Complexity O(N) array and double for

Question

How can i get complexity O(N)? i, currently, have a complexity O(N^2), right?

    vector<int> coins;
    vector<int> div;

    int n;
    cin >> n;

    int b, m;

    for (int k = 0; k < n; k++)
    {
        cin >> m;
        for (int i = 0; i < m; i++)
        {
            cin >> b;
            coins.push_back(b);
        }
    }

EDIT: code is here https://pastebin.com/bPG7D3W6

Answer 1

That is not O(N^2) by the way. That is O(N * M). Since you have two loops. One is from 0 to N and another nested loop from 0 to M. Maybe if you try to tell what you are trying to achieve, it would be easier to reformat the loops?

Currently I cannot see how to rework this loop with different complexity while maintaining functionality it has.

Edit:

@bitmask Made a great point in their answer. If you pre-allocate your vector, it will stop push_back() from re-allocating vector a lot. Re-allocation is O(N). The issue is that we do not have M constant, it varies on input of user. But you can perform cute optimization by allocating vector at least initially after you get n, to be size of n. The reason it is a cute optimization is because it will save you a bit of performance, but it won't be as significant that will impact your Big O.

vector<int> coins;
vector<int> div;

int n;
cin >> n;

int b, m;


coins.reserve(n);
...

Answer 2

This algorithm has a complexity of O(n + m₀ + ... + m_n-1). In case all the m_i are identical, this will result in O(n*m).

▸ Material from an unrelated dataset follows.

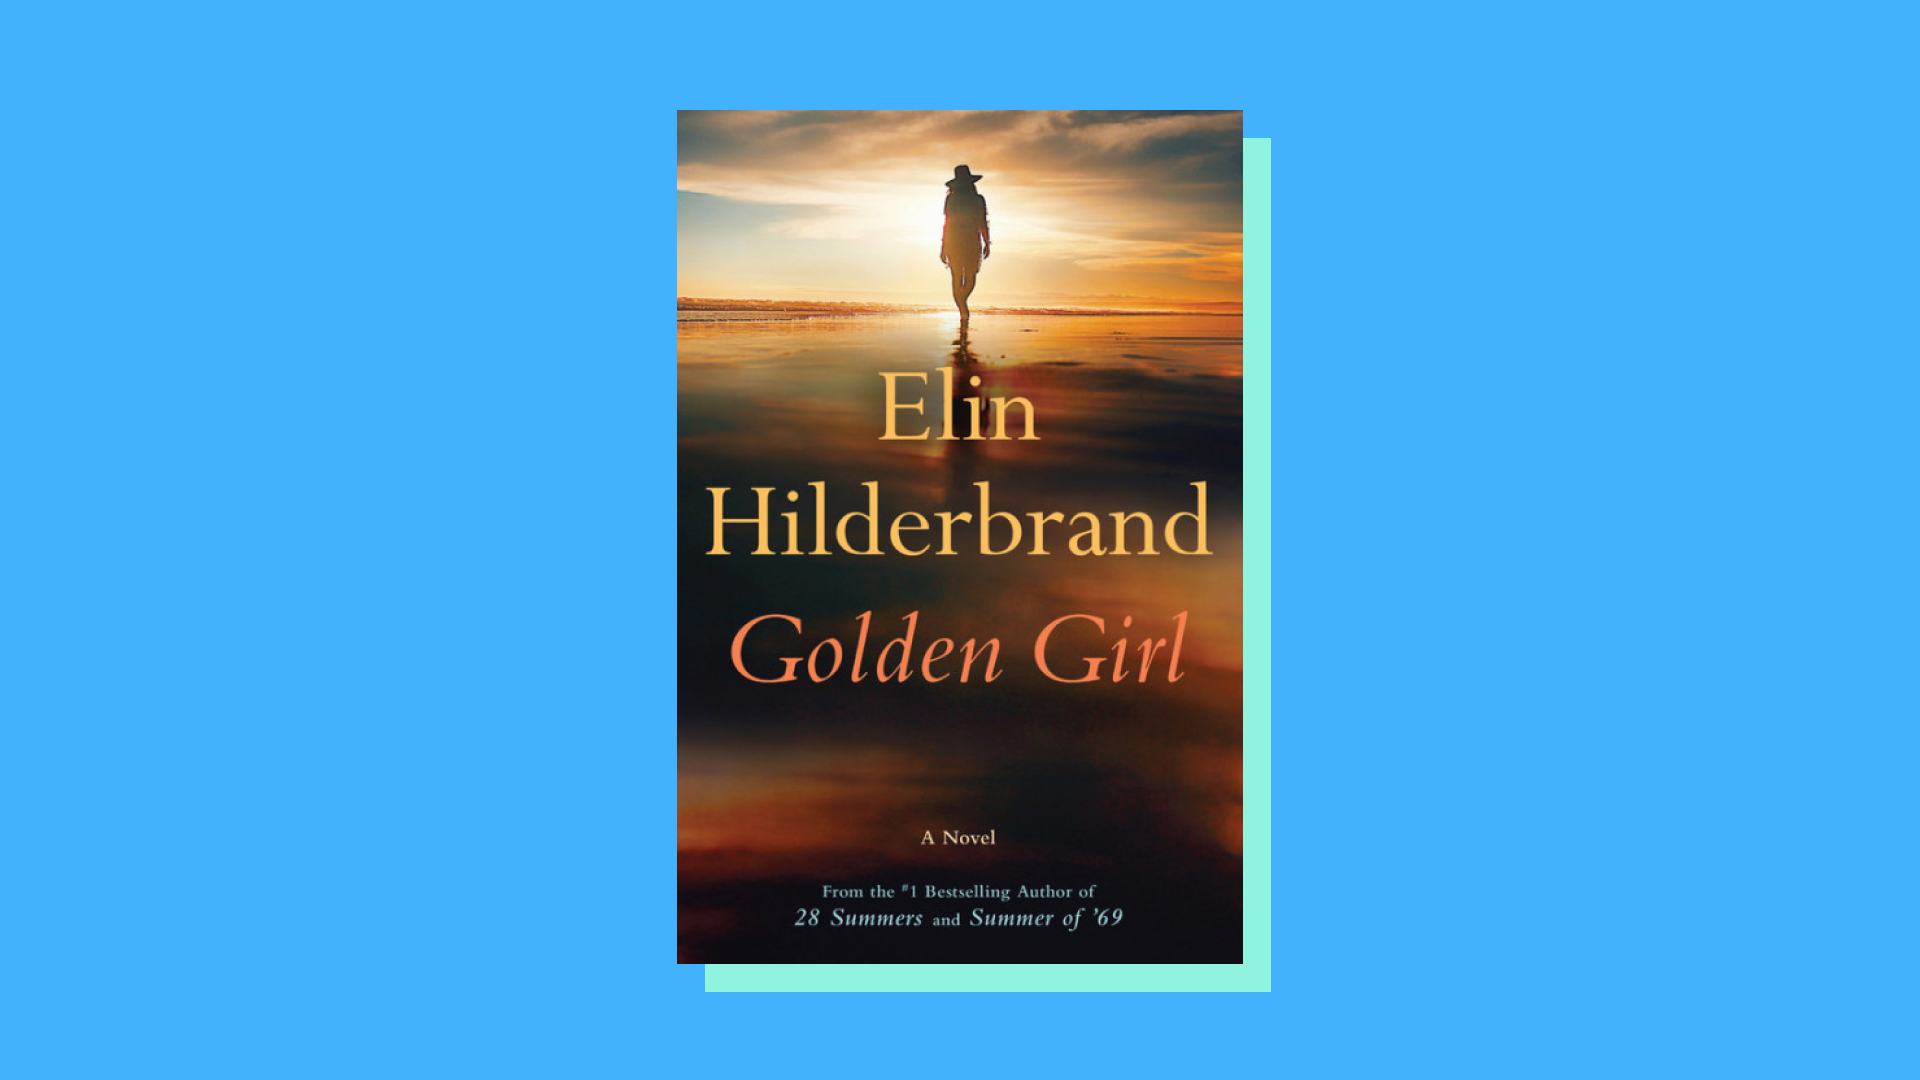 “Golden Girl” by Elin Hilderbrand

However, take a look at the complexity of the algorithm not in terms of its input but its output: You want to end up with a collection of c = coins.size(). As such it is impossible to have an agorithm that has complexity better than O(c).

Your algorithm runs in O(c) but seeing this is not trivial and depends on the specification of std::vector. A vector has amortised O(1) push_back, but non-amortised any given push_back can have complexity O(s) with s = vector.size() as it has to (potentially) allocate a new storage location of size 2*s and copy/move s objects. Still the amortisation means that you can hide all the copy/move overhead of std::vector inside the Big-O-notation as it is bound by C*c which is in O(c) for a constant C.

So, while you cannot improve the complexity of your algorithm, you can likely improve the effective performance of it. Namely by pre-allocating more buffer once you know any of the m_i:

    cin >> m;
    coins.reserve(coins.size() + m);

This will reduce the number of allocations (by far the most expensive part of your program). To see the difference you cannot use Big-O analysis but have to measure the performance your program.

In case that your m_i are likely to not vary greatly, you can even reserve n*m₀ once you read your first m value. This will likely significantly reduce the runtime further.

If you want to completely optimise the performance, read all the m_i in advance so that you can reduce the number of vector allocations to exactly 1. But this will change the order in which you read input.